If there are reports of page allocator intensive workloads suffering badly
in recent kernels then it may be worth backporting the barrier fix.

Benchmark notes
===============

kernbench is a similar average of five compiles of vmlinux.

vmr-aim9 is a number of micro-benchmarks. The results of this are very
sensitive to a number of factors but it can be useful early warning system.

vmr-stream is the STREAM memory benchmark and variations in it can be
indicative of problems with cache usage.

pagealloc is a page allocator microbenchmark run via SystemTap. The page
allocator is rarely a major component of a workloads time but it can
be a source of slow degrataion of overall performance.

pft is a microbenchmark for page fault rates.

hackbench is usually used for scheduler comparisons but it can sometimes
highlight problems in the page allocator as well.

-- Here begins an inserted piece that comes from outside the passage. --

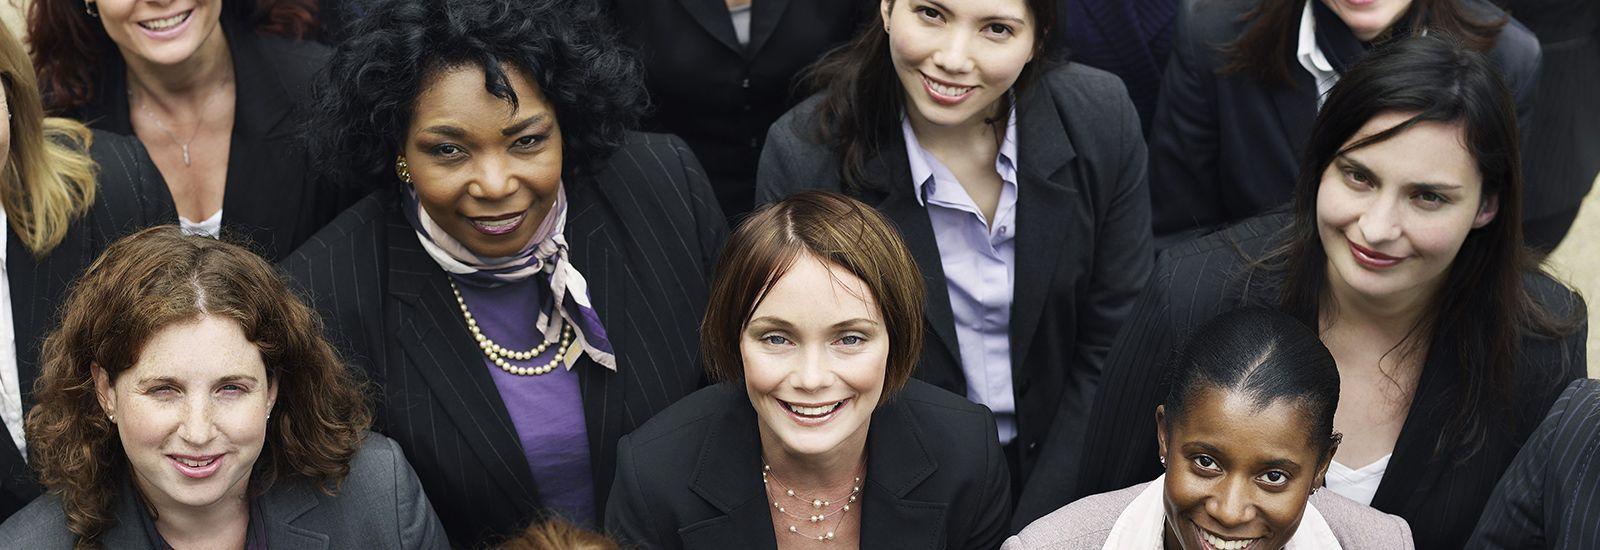 Group of smiling businesswomen

===========================================================
Machine:	arnold
Result:		http://www.csn.ul.ie/~mel/postings/mmtests-20120424/global-dhp__pagealloc-performance/arnold/comparison.html
Arch:		x86
CPUs:		1 socket, 2 threads
Model:		Pentium 4
Disk:		Single Rotary Disk
Status:		Good, except for aim9
===========================================================

kernbench
---------
  2.6.32 looks quite bad which was surprising.  That aside, there was a
  major degrading of performance between 2.6.34 and 2.6.39 that is only
  being resolved now. System CPU time was steadily getting worse for quite
  some time.

pagealloc
---------
  Page allocator performance was completely screwed for a long time with
  massive additional latencies in the alloc path. This was fixed in 3.4
  by removing barriers introduced for cpusets.

hackbench-pipes
---------------
  Generally looks ok.

hackbench-sockets
-----------------
  Some very poor results although it seems to have recovered recently. 2.6.39
  through to 3.2 were all awful.

vmr-aim9
--------
  page_test, brk_test, exec_test and fork_test all took a major pounding
  between 2.6.34 and 2.6.39. It has been improving since but still is
  far short of 2.6.32 levels in some cases.

vmr-stream
----------
  Generally looks ok.

pft
---
  Indications are we scaled better over time with a greater number of faults
  being handled when spread across CPUs.

==========================================================
Machine:	hydra
Result:		http://www.csn.ul.ie/~mel/postings/mmtests-20120424/global-dhp__io-metadata-ext3/hydra/comparison.html
Arch:		x86-64
CPUs:		1 socket, 4 threads
Model:		AMD Phenom II X4 940
Disk:		Single Rotary Disk
Status:		Bad, both kernbench and aim9 need care
==========================================================

kernbench
---------
  2.6.32 looked quite bad and great in 2.6.34. Between 2.6.34 and 2.6.39
  it regressed again and got worse after that. System CPU time looks
  generally good but 3.2 and later kernels are in bad shape in terms of
  overall elapsed time.

pagealloc
---------
  As with arnold, page allocator performance was completely screwed for a
  long time but mostly resolved in 3.4.

hackbench-pipes
---------------
  This has varied considerably over time. Currently looking good but there
  was a time when high number of clients regressed considerably. Judging
  from when it got fixed this might be a scheduler problem rather than a
  page allocator one.

hackbench-sockets
-----------------
  This is marginal at the moment and has had some serious regressions in
  the past.

vmr-aim9
--------
  Like with arnold, a lot of tests took a complete hammering mostly between
  2.6.34 and 2.6.39 with the exception of exec_test which got screwed at
  2.6.34 as well. Like arnold, it has improved in 3.4 but is still far 
  short of 2.6.32

vmr-stream
----------
  Generally looks ok.

pft
---
  Unlike arnold, the figures are worse here. It looks like we were not
  handling as many faults for some time although this is better now. It
  might be related to the page allocator being crap for a long time.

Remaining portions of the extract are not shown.